_PROMPT_.
With the line containing "Gazetka Auchan - Magia" as the start and the line containing "Am_Lutherplatz-C-Wiegelmann" as the end, transcribe that span of the entries below exactly, including both.

[[ DATASET EXTRACT, beginning ]]

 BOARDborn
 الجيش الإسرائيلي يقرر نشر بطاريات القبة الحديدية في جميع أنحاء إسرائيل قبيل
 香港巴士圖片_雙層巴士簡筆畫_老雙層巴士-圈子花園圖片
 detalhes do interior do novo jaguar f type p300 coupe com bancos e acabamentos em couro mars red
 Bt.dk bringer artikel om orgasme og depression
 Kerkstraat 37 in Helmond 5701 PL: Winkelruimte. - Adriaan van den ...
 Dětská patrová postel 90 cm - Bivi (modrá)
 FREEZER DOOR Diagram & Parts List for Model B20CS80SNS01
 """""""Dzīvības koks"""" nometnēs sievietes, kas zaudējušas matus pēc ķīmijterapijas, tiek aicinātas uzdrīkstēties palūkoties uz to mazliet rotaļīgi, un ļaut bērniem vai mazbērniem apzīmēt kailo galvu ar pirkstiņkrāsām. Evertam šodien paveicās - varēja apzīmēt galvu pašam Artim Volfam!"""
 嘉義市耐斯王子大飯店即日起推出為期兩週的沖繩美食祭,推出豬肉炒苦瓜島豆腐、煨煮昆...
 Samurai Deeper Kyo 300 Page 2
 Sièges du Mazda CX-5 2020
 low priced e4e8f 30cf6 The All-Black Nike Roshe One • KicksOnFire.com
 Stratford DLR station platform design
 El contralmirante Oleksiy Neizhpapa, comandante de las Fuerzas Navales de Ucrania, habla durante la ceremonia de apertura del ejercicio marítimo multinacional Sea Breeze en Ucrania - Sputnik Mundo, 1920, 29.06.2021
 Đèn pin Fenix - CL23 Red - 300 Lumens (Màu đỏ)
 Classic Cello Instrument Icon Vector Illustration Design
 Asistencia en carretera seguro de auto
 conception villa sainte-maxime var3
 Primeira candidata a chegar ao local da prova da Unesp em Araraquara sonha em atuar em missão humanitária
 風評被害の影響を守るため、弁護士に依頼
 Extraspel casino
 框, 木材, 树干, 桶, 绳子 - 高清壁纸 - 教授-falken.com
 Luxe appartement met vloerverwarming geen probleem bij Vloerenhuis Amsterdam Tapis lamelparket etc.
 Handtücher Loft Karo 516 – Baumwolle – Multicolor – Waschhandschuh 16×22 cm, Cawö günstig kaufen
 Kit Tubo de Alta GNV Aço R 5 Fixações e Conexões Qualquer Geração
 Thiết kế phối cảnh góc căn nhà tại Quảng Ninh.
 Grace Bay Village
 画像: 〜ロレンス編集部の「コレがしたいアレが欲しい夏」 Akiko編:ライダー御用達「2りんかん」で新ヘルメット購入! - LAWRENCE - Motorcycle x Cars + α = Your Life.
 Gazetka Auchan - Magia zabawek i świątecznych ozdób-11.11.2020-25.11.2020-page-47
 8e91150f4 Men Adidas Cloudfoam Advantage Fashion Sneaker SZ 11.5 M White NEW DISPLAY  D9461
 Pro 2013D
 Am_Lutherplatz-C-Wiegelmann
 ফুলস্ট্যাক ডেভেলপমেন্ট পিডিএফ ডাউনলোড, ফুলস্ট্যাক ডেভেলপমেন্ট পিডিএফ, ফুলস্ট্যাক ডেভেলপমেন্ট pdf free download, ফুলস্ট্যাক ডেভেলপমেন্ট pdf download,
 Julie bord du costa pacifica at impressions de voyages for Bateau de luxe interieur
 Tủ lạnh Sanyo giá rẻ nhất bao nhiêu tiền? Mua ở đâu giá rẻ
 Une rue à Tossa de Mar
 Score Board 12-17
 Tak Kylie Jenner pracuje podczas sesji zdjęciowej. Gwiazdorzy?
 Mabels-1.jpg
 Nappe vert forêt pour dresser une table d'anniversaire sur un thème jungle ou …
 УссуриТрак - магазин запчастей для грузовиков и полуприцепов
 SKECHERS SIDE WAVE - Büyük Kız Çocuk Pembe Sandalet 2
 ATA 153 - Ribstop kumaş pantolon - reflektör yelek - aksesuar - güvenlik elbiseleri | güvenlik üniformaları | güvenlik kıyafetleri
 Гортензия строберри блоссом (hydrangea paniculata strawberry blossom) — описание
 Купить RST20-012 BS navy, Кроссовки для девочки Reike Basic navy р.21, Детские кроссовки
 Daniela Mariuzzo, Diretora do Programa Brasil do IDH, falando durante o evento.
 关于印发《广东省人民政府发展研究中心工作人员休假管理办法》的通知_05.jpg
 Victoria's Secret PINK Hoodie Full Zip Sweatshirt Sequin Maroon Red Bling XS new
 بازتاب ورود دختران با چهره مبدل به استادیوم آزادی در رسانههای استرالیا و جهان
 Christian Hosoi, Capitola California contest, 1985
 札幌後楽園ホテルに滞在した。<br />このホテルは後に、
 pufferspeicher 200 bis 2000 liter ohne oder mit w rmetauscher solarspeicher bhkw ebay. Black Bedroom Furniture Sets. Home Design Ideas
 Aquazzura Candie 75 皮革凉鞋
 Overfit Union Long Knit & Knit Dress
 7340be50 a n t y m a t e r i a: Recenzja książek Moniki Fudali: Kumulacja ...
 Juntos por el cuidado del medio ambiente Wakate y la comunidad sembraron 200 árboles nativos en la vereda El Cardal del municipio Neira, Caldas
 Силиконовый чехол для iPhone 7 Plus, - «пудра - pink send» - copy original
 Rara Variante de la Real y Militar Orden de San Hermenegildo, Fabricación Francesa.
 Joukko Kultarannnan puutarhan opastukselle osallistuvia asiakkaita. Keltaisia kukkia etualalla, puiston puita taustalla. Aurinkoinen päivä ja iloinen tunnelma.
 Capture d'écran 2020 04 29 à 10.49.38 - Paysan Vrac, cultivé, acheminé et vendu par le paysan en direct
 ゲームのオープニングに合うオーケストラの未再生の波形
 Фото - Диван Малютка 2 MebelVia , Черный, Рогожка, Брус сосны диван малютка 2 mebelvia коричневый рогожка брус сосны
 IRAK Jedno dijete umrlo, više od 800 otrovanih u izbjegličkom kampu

[[ DATASET EXTRACT, end ]]

_SOLUTION FOR THIS EXERCISE_.
 Gazetka Auchan - Magia zabawek i świątecznych ozdób-11.11.2020-25.11.2020-page-47
 8e91150f4 Men Adidas Cloudfoam Advantage Fashion Sneaker SZ 11.5 M White NEW DISPLAY  D9461
 Pro 2013D
 Am_Lutherplatz-C-Wiegelmann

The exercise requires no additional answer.